Edelman Study: Investors to Refocus on ESG Post COVID-19, Apply Premium to Sustainability Leaders
Global communications firm Edelman revealed results from the 2020 Edelman Trust Barometer Special Report: Institutional Investors, a study examining investor attitudes and identifies the pivotal issues shaping investment criteria and how companies can build trust with the investment community.
Edelman surveyed 600 institutional investors across six countries for the study, representing over $20 trillion in assets.
According to Edelman, the study found that the COVID-19 pandemic has seen investors’ losing focus on ESG factors, with 79% of respondents reporting that their firms are deprioritizing ESG as an investment criteria, with 77% saying the companies they invest in are doing the same. Investors expect the pandemic effect to be temporary, however, with 96% expecting to increase prioritization of ESG during the recovery.
Lex Suvanto, Edelman Global Managing Director, Financial Communications, said:
“While the global pandemic has forced some companies to temporarily deprioritize ESG efforts, investors clearly believe that a robust ESG strategy has a positive impact on share price and resilience. Boards of Directors especially must get ready for direct engagement from investors on ESG matters, including climate risk, corporate culture and diversity and inclusion. Also, the great majority of investors believe that a multi-stakeholder approach will deliver enhanced returns and say that companies that do this well will have a competitive edge in building trust.”
“These factors are crucial as companies build their businesses, attract talent, manage through crises and ultimately, garner investor trust. It’s very clear from this survey that ESG is at the forefront for investors and a premium is being applied to companies that do it well.”
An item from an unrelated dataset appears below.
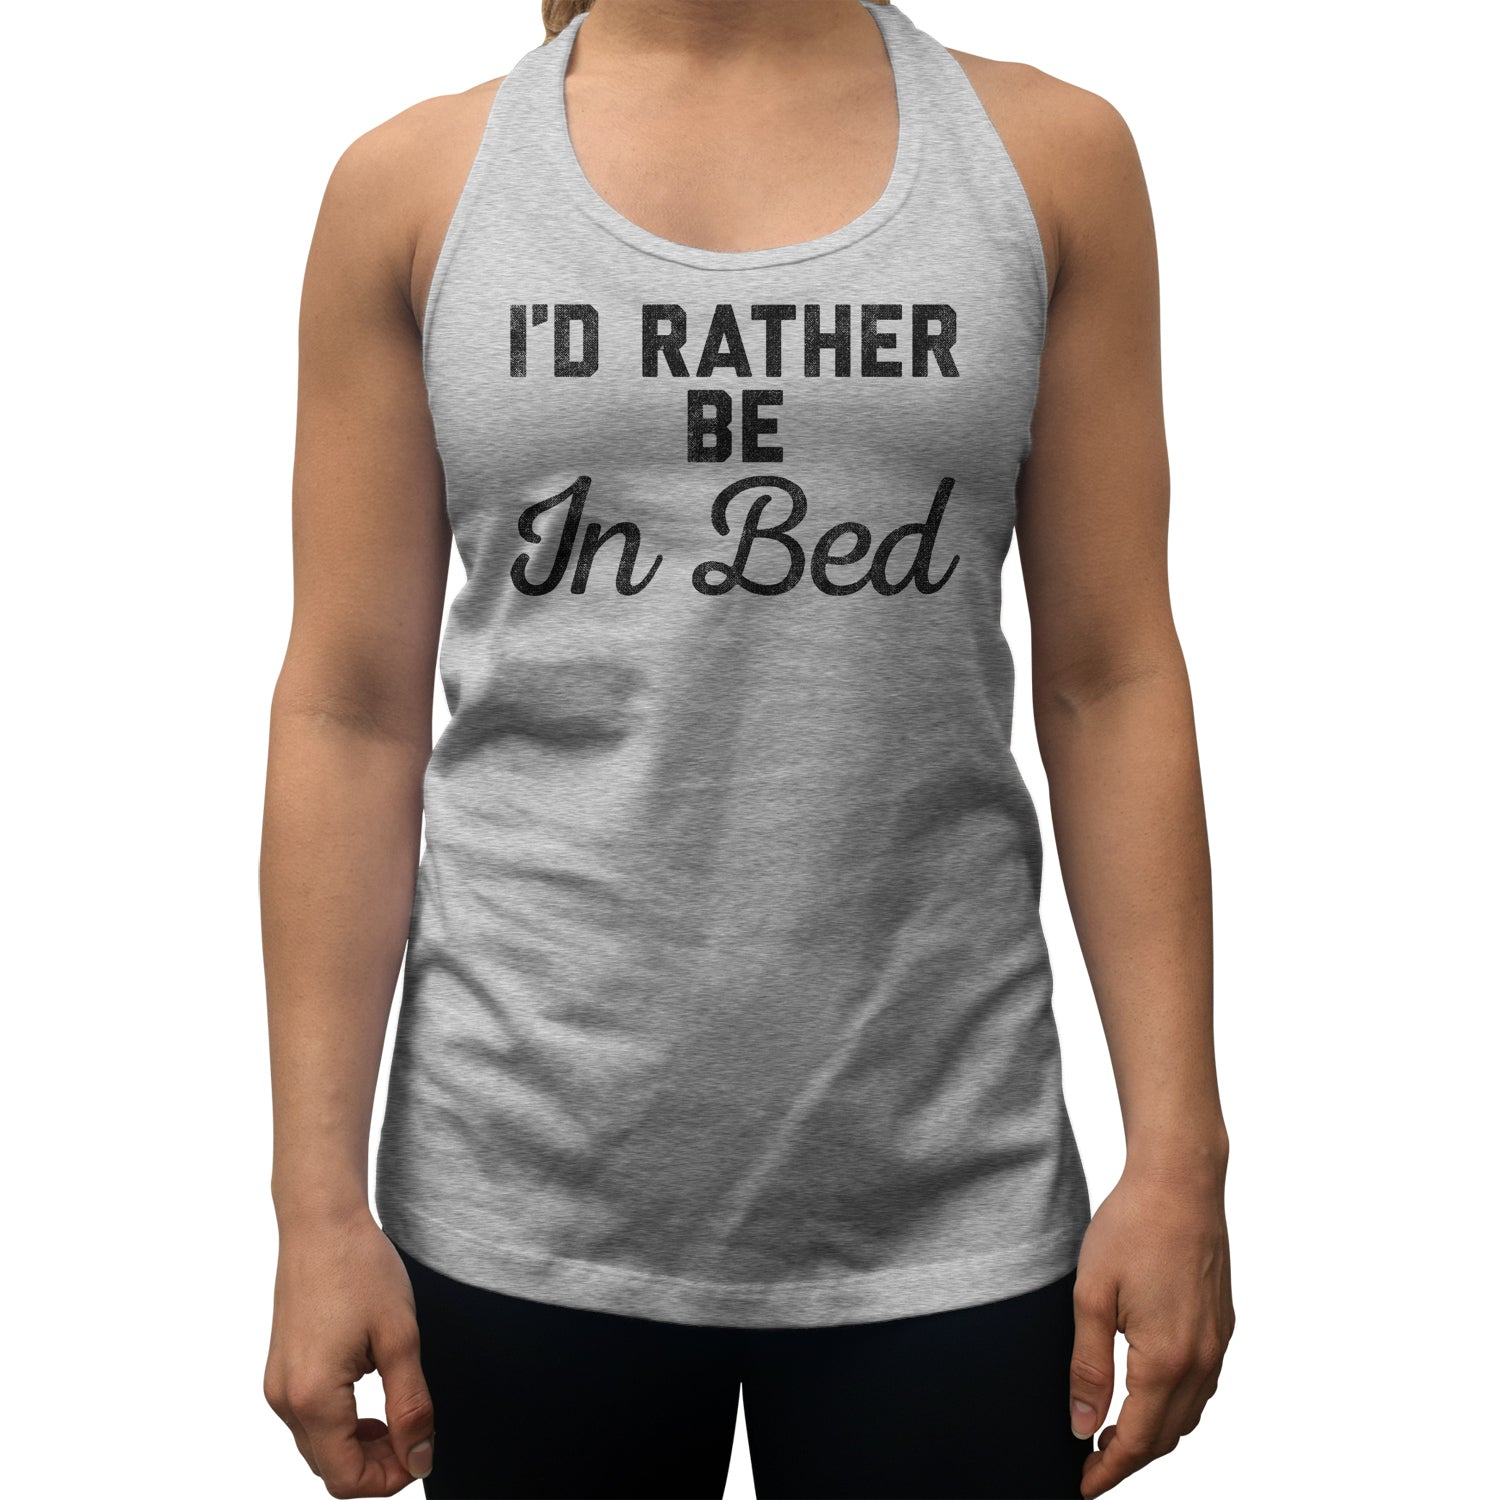 Women's I'd Rather Be in Bed Racerback Tank Top

The events of the past year also appear to have had an impact on investor attitudes regarding the relative materiality and importance of various ESG factors. Social factors in particular have jumped to the forefront of investors’ sustainability considerations. Edelman stated that of the three ESG considerations, social now ranks the highest in importance for respondents, jumping fifteen-points from last year and moving in rank from third to first place.
In terms of the valuation impact of ESG, the study revealed that investors believe ESG outperformers will merit better valuations, with 92% agreeing that companies with strong ESG performance deserve a premium valuation to their share price, and 88% expecting companies that prioritize ESG initiatives to represent better opportunities for long-term returns.
Other key findings from the 2020 Edelman Trust Barometer include:
- Diversity and inclusion: 92% of respondents either strongly or somewhat agree that strong diversity and inclusion (D&I) data have a positive impact on share price. 70% report applying exclusionary screening criteria based on D&I data.
- Engagement and activism: 93% of respondents are more interested in taking an activist approach investing, up from 81% last year; 95% expect to increase engagement with portfolio company boards regarding the impact of climate risk on their companies.
- Multi-stakeholder models: 97% of respondents either strongly or somewhat agree that the multi-stakeholder model of governance is more conducive to delivering long-term financial returns.
- Societal role of business: 92% strongly or somewhat agree that business leaders have an obligation to use their power and influence to advocate for positive change in society.